Formula 1

If there’s one thing you can be sure of when it comes to Formula 1, it’s that it never does things the easy way.

At a time when the world is reacting to the Coronavirus outbreak, Formula 1 pressed on to Australia as if it never existed. There were a few close calls, but Ferrari and AlphaTauri managed to get out of Italy before the borders shut, and once everyone landed in Melbourne it was business as usual.

Although the F1 paddock got themselves unpacked as normal, the global status is anything but, and F1 chiefs were naive to think that they could avoid any major issue altogether.

Yes, the Chinese Grand Prix was postponed some weeks in advance, but that was based upon the advice of the Chinese government and was outside F1’s control.

As drivers talked to the media on Thursday, F1 was confident the weekend would go ahead without a hitch, despite the fact that Formula E had suspended all racing for two months, and that the WEC round at Sebring was also cancelled for next week, not to mention other major sporting events being suspended due to the virus.

And, after McLaren announced that they were withdrawing from the race as a team member tested positive for Coronavirus, many presumed that it would be swiftly followed by a press release from Formula 1 and the FIA that the race was to be called off.

Did that happen? No. Teams, drivers, media and fans all had to wait a further 12 hours before being told that the race was being postponed, and by this time the Friday morning events at Albert Park had already got underway.

F1 has said that it had to discuss the issue with a number of parties, but whilst this is true, it is also right to say it got itself backed into a corner because of contracts and legal issues. In simplistic terms, if they pro-actively cancelled the race then they would have to fit the bill. If the government forced them to pull out, the insurance would kick in.

In the end, Formula 1 took the most appropriate action, and the race was cancelled, but although the F1 bosses said that there was a plan in place, and that it took time because so many meetings were required, from the outside it looked far from it.

Once again, communication has let Formula 1 down. There was complete radio silence, other than to say that safety was paramount. Had they issued a press release to say that talks were ongoing and that further details would be released at ‘X’ time, people would have been more understanding.

Nobody has an issue with the race being cancelled in such circumstances, and it may well be that these meetings were always going to be needed in order for F1 to navigate themselves through the correct process, but timely and appropriate releases would made things much easier.

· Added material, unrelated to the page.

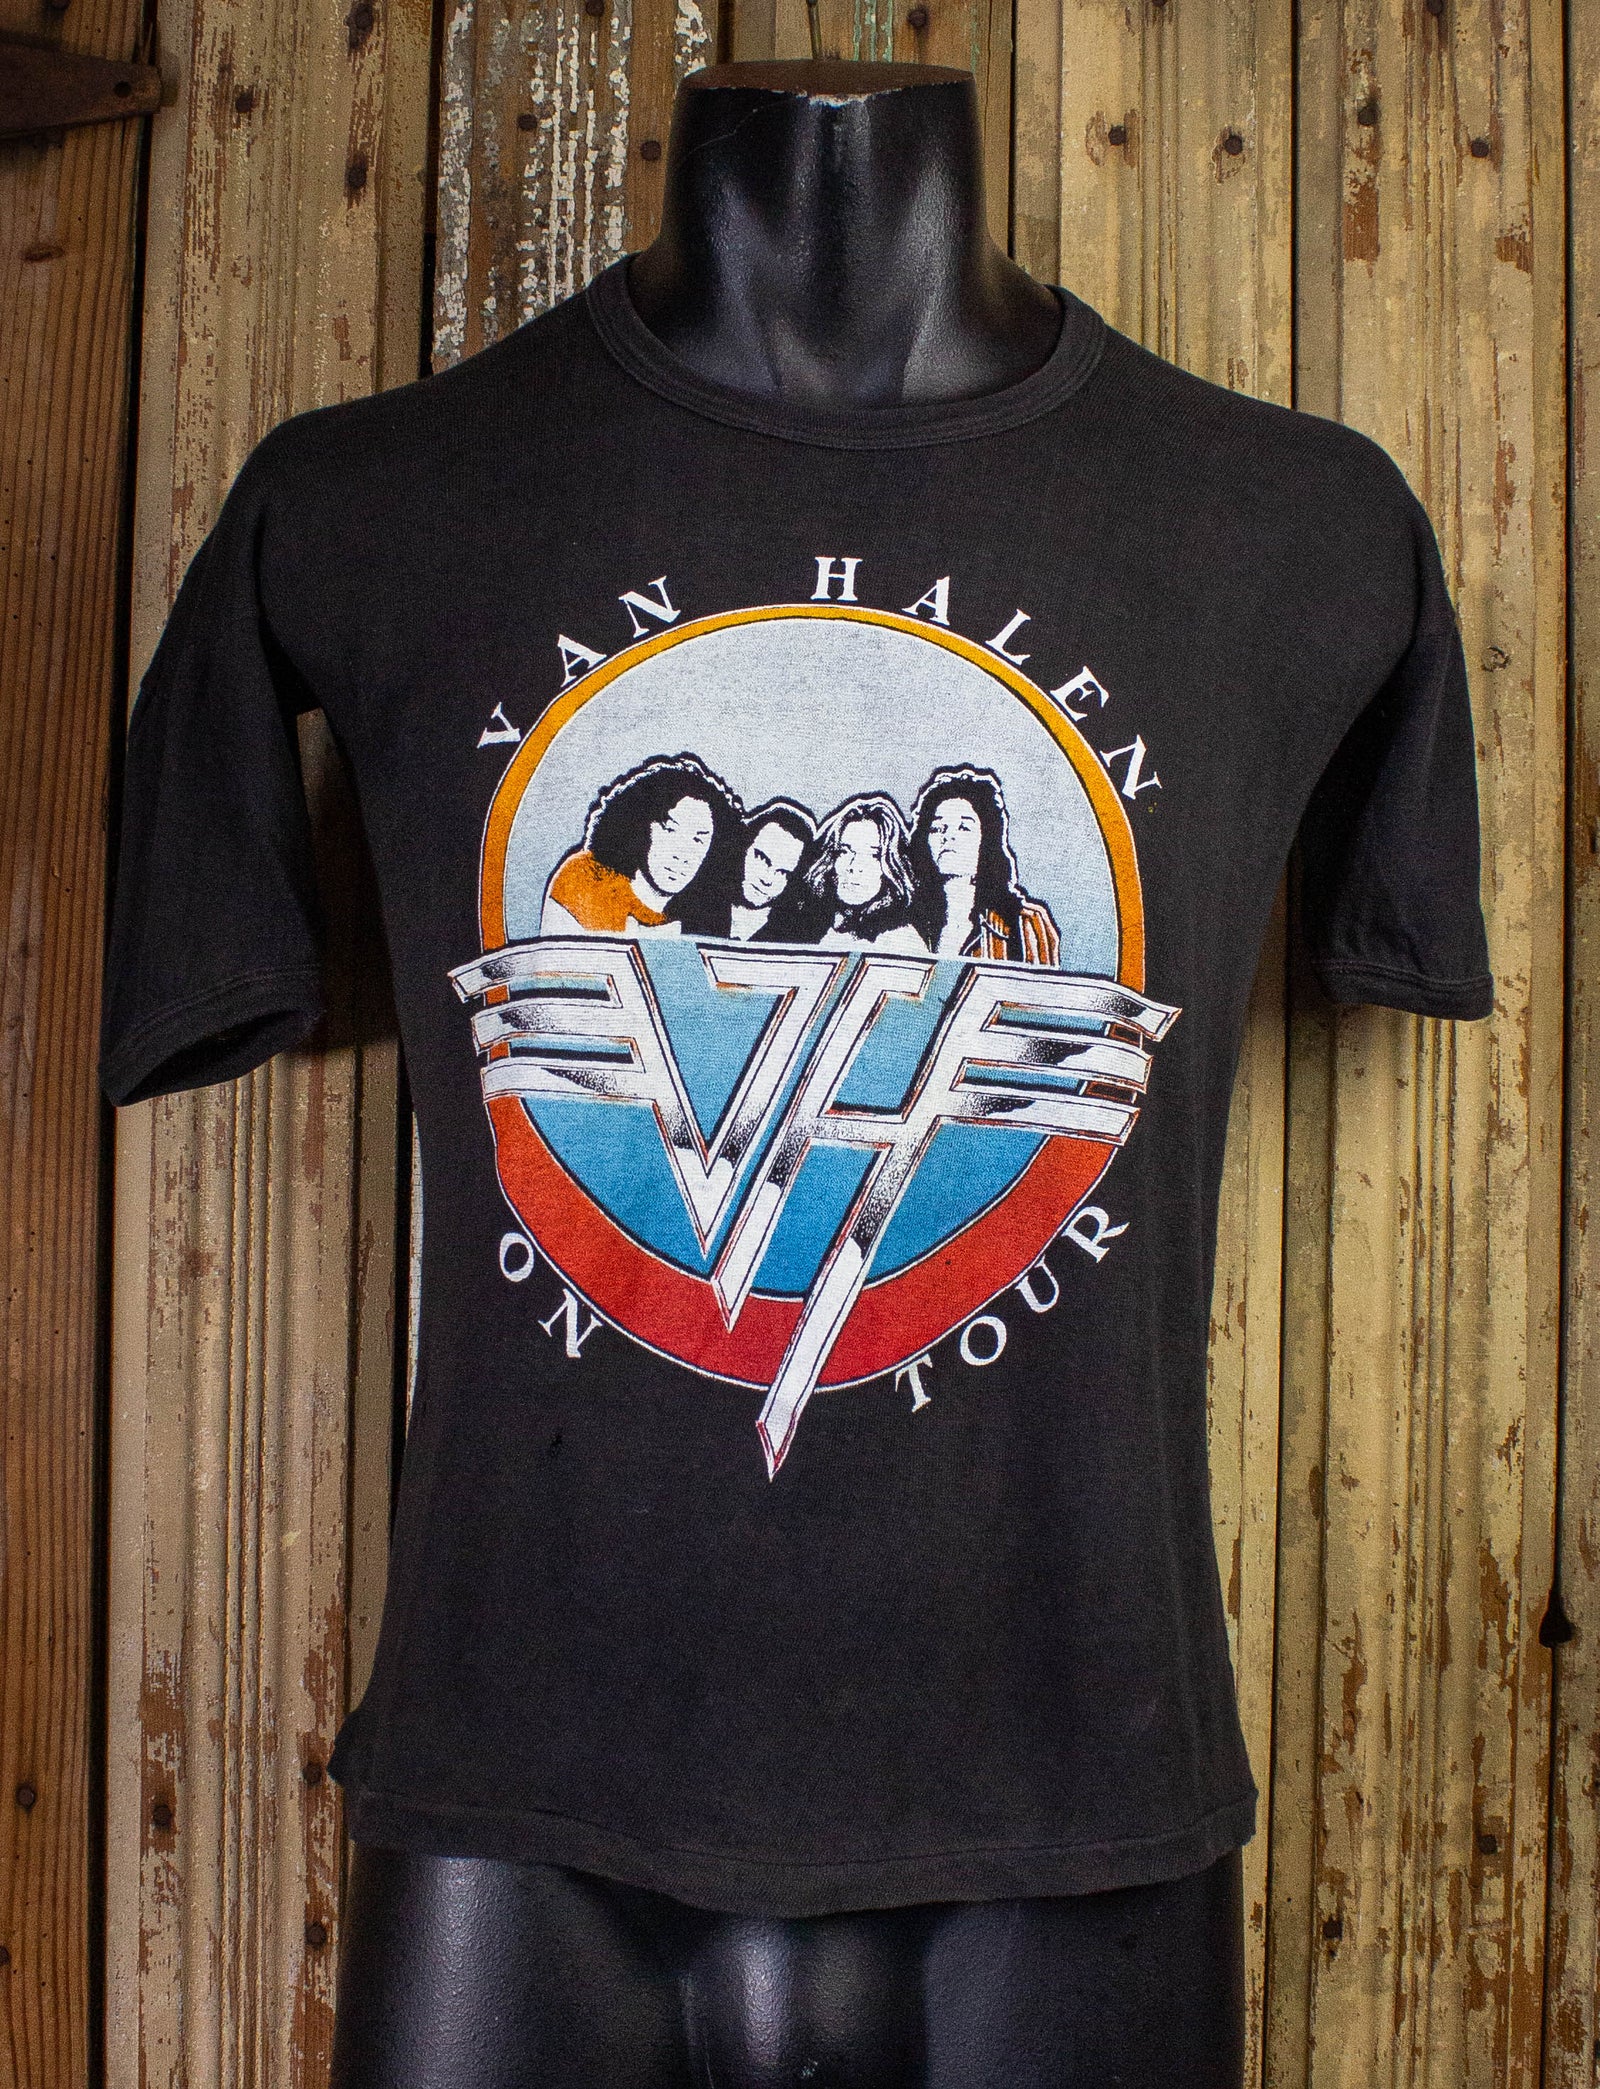 Vintage Van Halen On Tour Parking Lot Concert T Shirt 1979 Black Medium
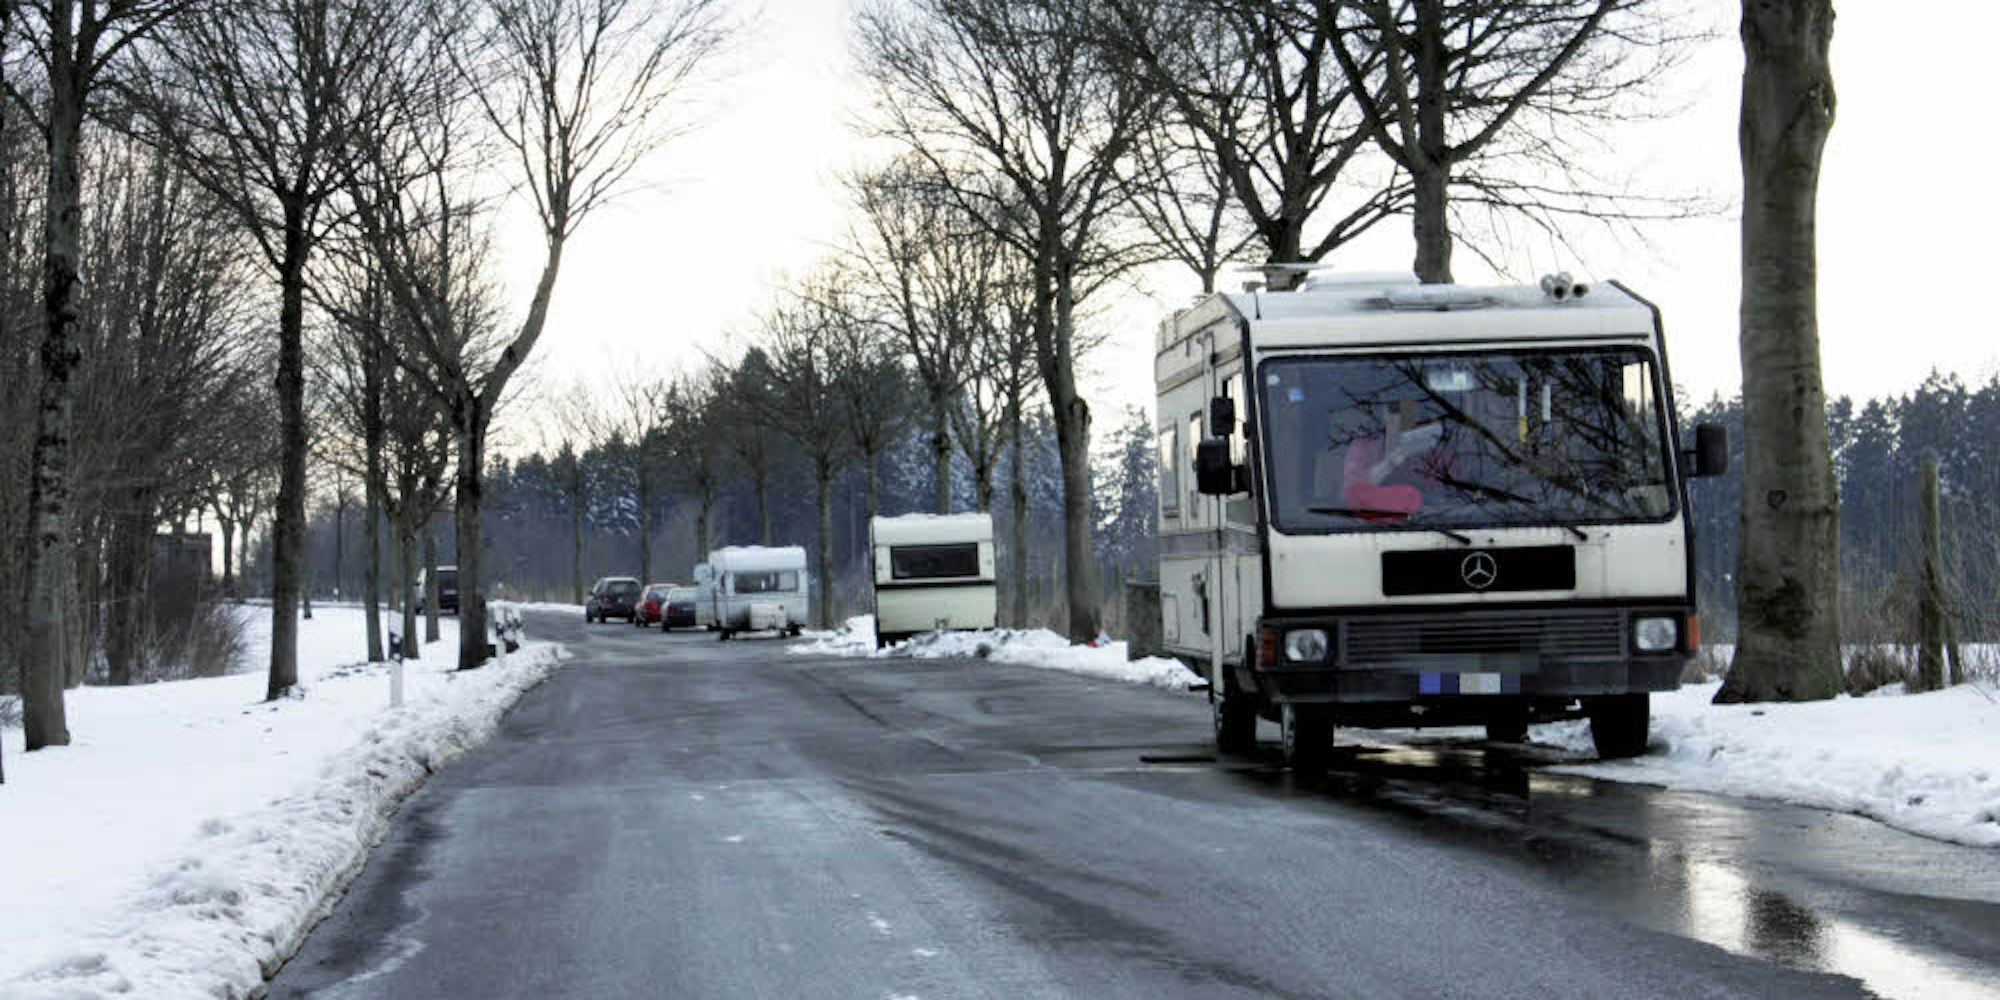 Prostitution in Wohnwagen entlang einiger Straßen um Blankenheim ist an der Tagesordnung. Dieser Parkplatz an der B 51 wurde mittlerweile gesperrt, für andere Wege und Plätze müssen nun Mietverträge abgeschlossen werden.

As it was, there ended up being plenty of speculation to the extent that two major media companies issued articles saying the complete opposite about the status of the race.

The FIA are also equally to blame, as they also had the opportunity to make sure there was some sort of communication. In the end, it never happened and teams headed back to the circuit on Friday not knowing if there was a race going ahead or not.

Thankfully, sense prevailed and the season opener was postponed.

As a result, a chain reaction has occurred, and earlier on Friday it was confirmed that the Bahrain and Vietnam Grand Prix were also postponed. 

For once a pro-active approach to the situation, but yet again, further confusion has been created based on the statement issued by F1 and the FIA.

The end of the press release statement issued on Friday said: “Formula 1 and the FIA expect to begin the Championship in Europe at the end of May but given the sharp increase in COVID-19 cases in Europe in recent days, this will be regularly reviewed.”

This paragraph creates plenty of questions as although the Bahrain and Vietnam races have been called off, nothing was mentioned about the Dutch Grand Prix which is due to take place on May 3.

So, is the Dutch Grand Prix going ahead? Has F1 decided to move it to the end of May? At this stage nobody knows.

If Formula 1 wanted to say it would be the end of May before the season would likely begin, they should have given a mention about the Dutch Grand Prix, even if to say it is currently being looked at, otherwise they shouldn’t have provided a date at all.

Yes, these are stressful times and the issues that Coronavirus has created across the globe is unprecedented, but good communication could have avoided this fiasco altogether.

Instead, F1 is now on a PR disaster recovery mission.